Frax is far from a stablecoin, from its introduction of inflation-resistant $FPI, to FraxFerry, and more, the protocol has proven itself to be an innovative addition to the DeFi space through up and down markets alike.
Frax’s latest edition? Fraxtal, Frax’s own L2 chain built on the OP stack. We initially reported on Frax’s L2 and its positive impact on the Frax DeFi ecosystem back in June, when the rollup was simply dubbed Fraxchain. This month, more details are being fleshed out heading into its launch. Fraxtal’s $FXTL airdrop, incentives for developers, and the value accrual mechanism for FXS lockers (veFXS) make FXS and Frax, in general, more interesting to observe as the Frax chain gears into development.
Stay alert, stay informed ⬇
Key Points
$FRAX started as the first fractional-algorithmic stablecoin. It has since grown into an entire economy comprising multiple tokens and subprotocols.
Frax has its feet in the LST race, with its unique $frxETH and $sfrxETH model. While less established than the likes of Lido, Rocketpool, and other LST leaders.
The upcoming Fraxtal L2 is also expected to bring in additional revenue via its Sequencer.

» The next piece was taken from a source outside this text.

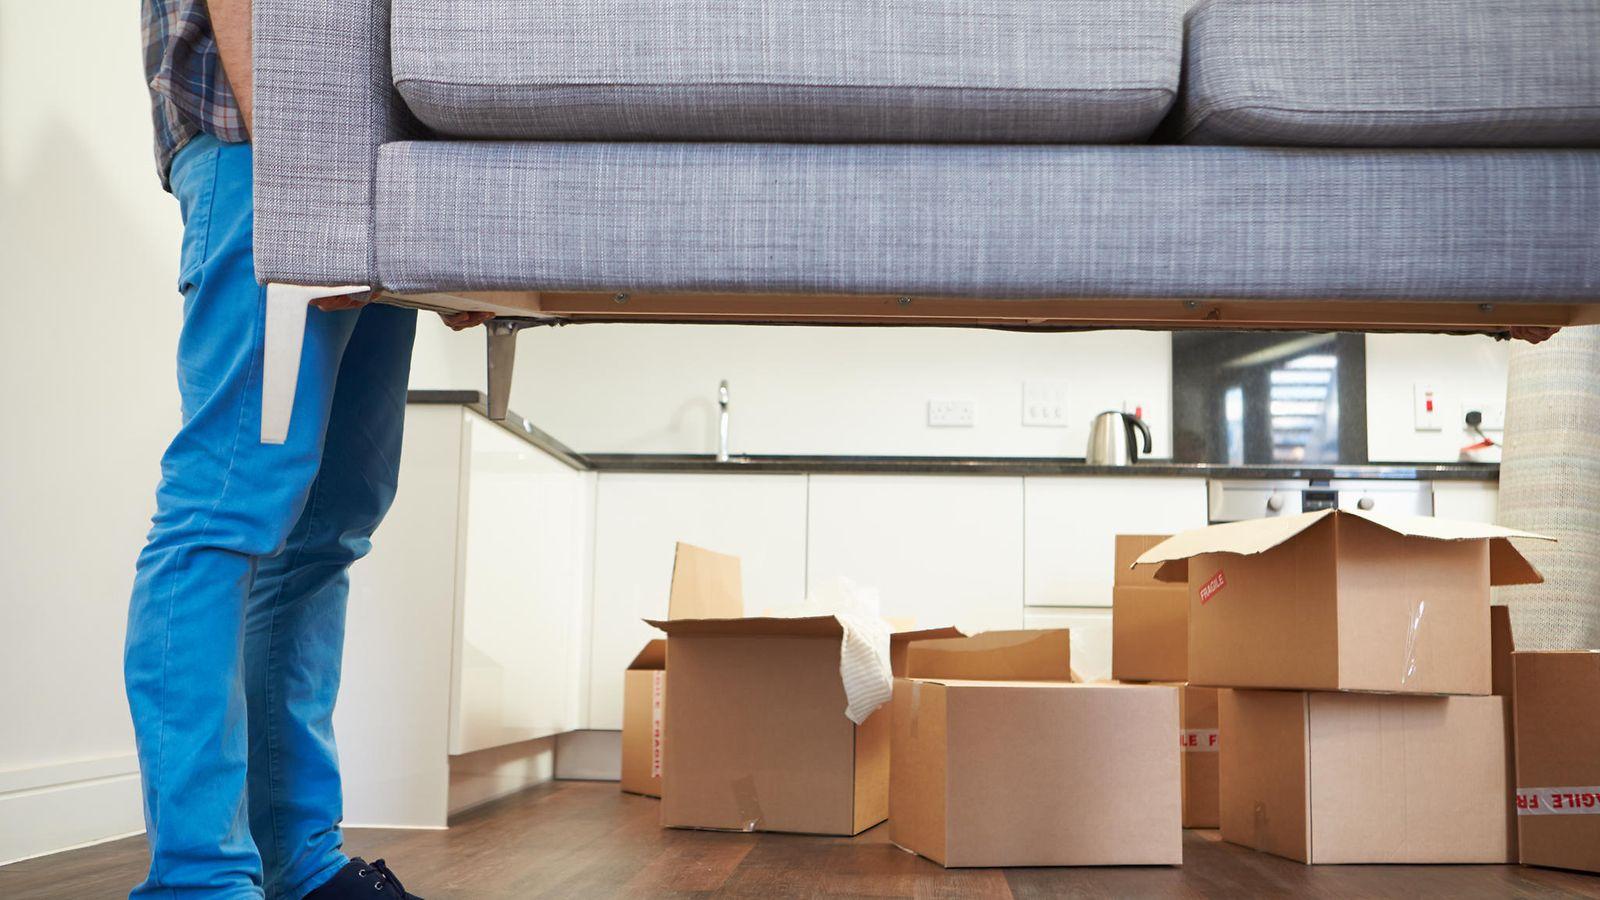 Muutatko vuokra asuntoon? Tästä syystä lukot kannattaa vaihtaa  Lifestyle

The chain will use $frxETH as the gas token, with fees potentially burned and distributed to $FXS lockers.
Fraxchain (Fraxtal)
Fraxchain, now dubbed Fraxtal, will become Frax’s EVM-compatible L2. It will be a hybrid rollup that combines an optimistic rollup architecture with zk-proofs. The core properties to be aware of are that $frxETH will be used as gas and the fees can be partially burned and distributed to $veFXS holders.
This will further enhance the supply growth of $frxETH, allowing the protocol to offer more of its core services to users who bridge their assets. By attracting new capital inflows, the goal is to increase the liquidity of the new chain. As more $frxETH is onboarded from other chains into Fraxtal, the supply available to be staked as $sfrxETH will be reduced even more. This is a significant boost for the staking yield that $sfrxETH holders will get.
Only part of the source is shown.